- [What needs to be done]
Go through the following data and transcribe exactly the stretch of lines from the one holding "KES-410ACA/410A KEM-410ACA Laser" to the one holding "Canon EF mm", both included.

(Record excerpts)

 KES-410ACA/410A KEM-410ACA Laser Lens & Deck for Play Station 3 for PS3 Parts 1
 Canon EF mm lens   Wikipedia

(End Record excerpts)
(Record excerpts)

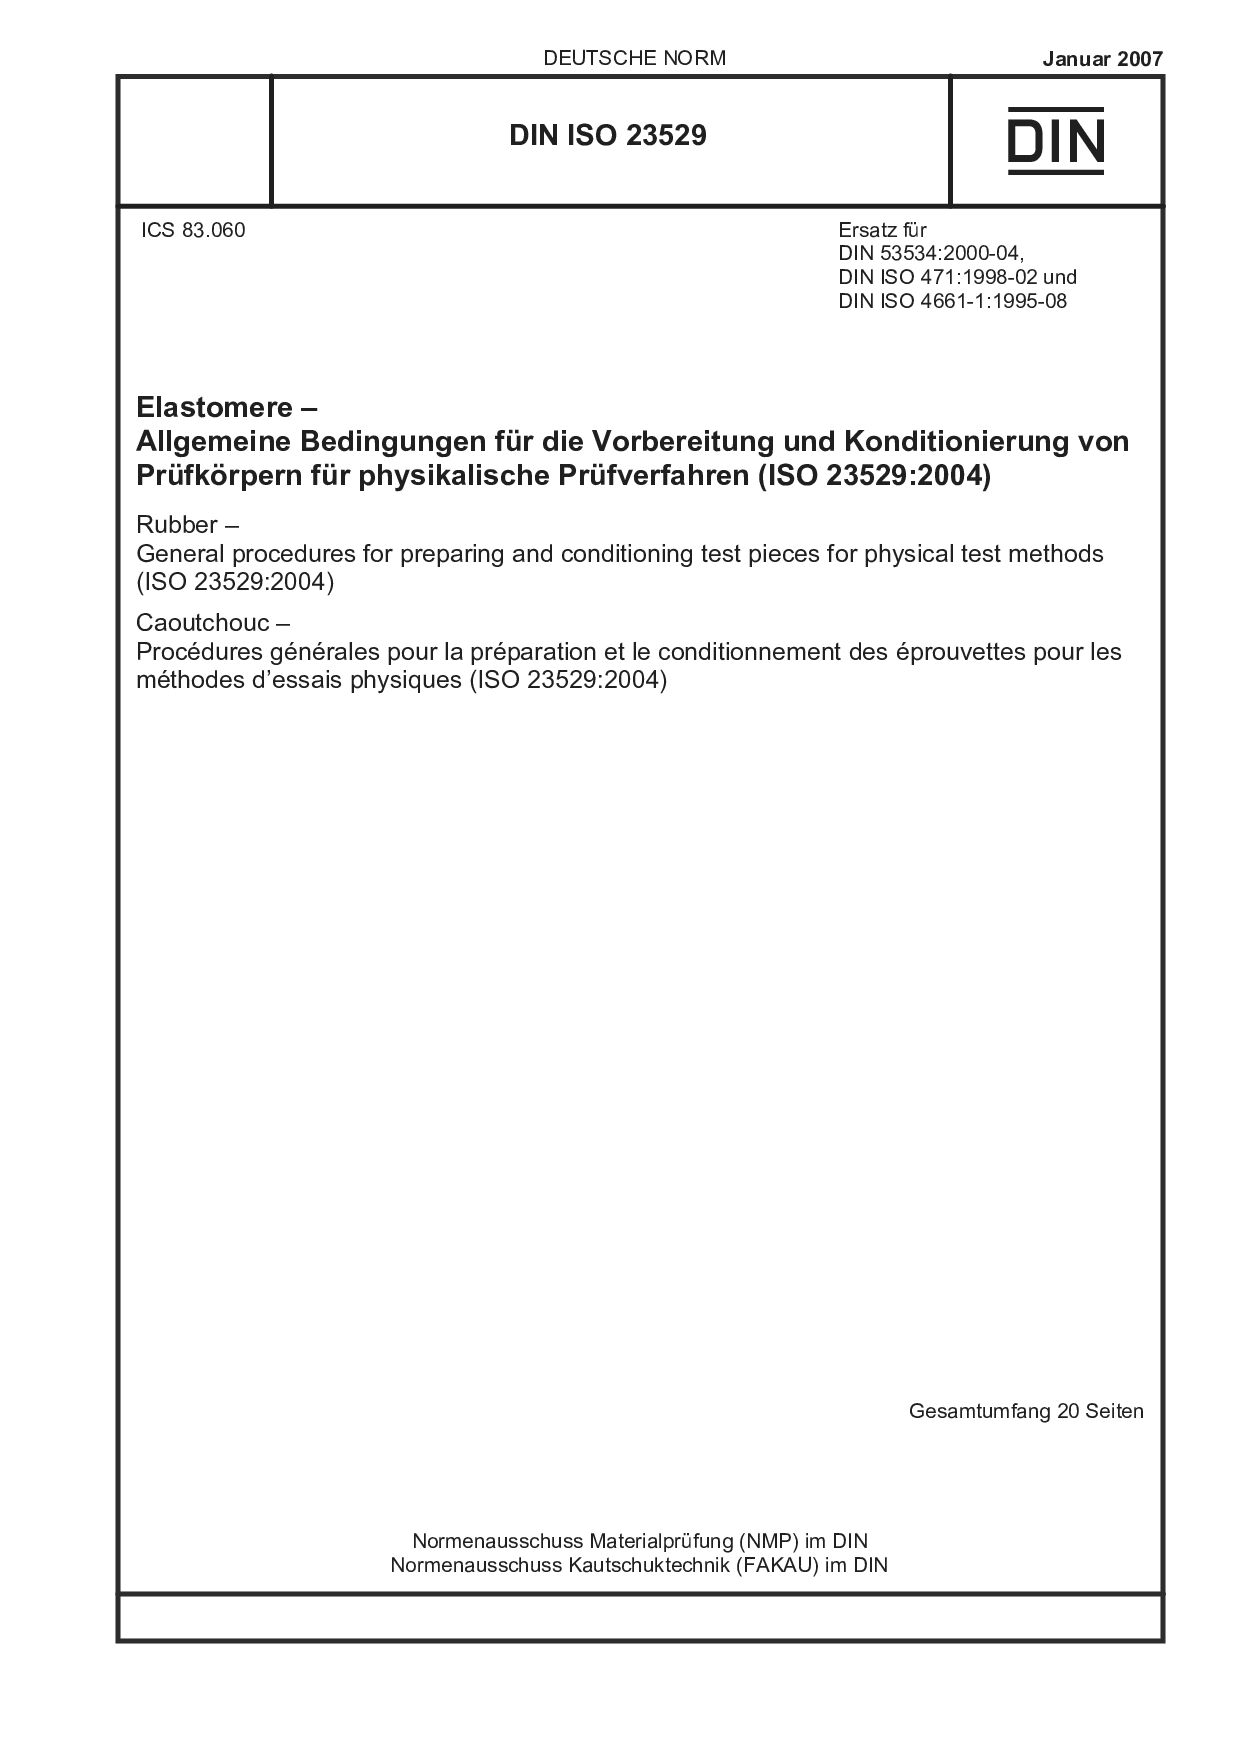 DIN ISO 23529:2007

(End Record excerpts)

- [The completed task]
 KES-410ACA/410A KEM-410ACA Laser Lens & Deck for Play Station 3 for PS3 Parts 1
 Canon EF mm lens   Wikipedia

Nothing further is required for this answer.